* [ASSIGNED TASK] Print exactly those lines that run from the beginning of the data to the line bearing "Nylon Cassel Over Shirt - Khaki", inclusive.

* [INPUT DATA]
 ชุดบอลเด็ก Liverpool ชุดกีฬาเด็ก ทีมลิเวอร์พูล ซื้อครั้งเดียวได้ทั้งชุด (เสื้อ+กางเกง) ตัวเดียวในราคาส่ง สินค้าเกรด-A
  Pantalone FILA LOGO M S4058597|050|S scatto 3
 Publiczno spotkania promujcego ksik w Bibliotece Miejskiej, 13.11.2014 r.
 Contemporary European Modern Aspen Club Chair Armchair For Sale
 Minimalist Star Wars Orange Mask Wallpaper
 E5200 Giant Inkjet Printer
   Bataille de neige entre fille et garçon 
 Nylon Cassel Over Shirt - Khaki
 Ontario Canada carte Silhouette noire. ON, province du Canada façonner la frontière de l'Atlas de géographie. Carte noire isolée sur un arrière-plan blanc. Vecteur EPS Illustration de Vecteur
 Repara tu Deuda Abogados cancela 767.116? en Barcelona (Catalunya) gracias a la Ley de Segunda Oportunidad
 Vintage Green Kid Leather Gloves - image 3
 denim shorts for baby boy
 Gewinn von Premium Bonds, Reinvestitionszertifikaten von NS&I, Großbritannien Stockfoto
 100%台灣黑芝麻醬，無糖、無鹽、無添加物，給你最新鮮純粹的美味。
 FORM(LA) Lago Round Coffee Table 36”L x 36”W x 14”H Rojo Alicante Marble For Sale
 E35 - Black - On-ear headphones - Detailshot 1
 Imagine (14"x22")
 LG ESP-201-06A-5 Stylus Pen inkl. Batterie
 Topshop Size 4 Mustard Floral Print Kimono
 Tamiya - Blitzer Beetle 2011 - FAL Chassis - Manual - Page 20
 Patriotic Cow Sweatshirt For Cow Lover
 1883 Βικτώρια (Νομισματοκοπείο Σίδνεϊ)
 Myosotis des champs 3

* [RESPONSE TO THE EXERCISE]
 ชุดบอลเด็ก Liverpool ชุดกีฬาเด็ก ทีมลิเวอร์พูล ซื้อครั้งเดียวได้ทั้งชุด (เสื้อ+กางเกง) ตัวเดียวในราคาส่ง สินค้าเกรด-A
  Pantalone FILA LOGO M S4058597|050|S scatto 3
 Publiczno spotkania promujcego ksik w Bibliotece Miejskiej, 13.11.2014 r.
 Contemporary European Modern Aspen Club Chair Armchair For Sale
 Minimalist Star Wars Orange Mask Wallpaper
 E5200 Giant Inkjet Printer
   Bataille de neige entre fille et garçon 
 Nylon Cassel Over Shirt - Khaki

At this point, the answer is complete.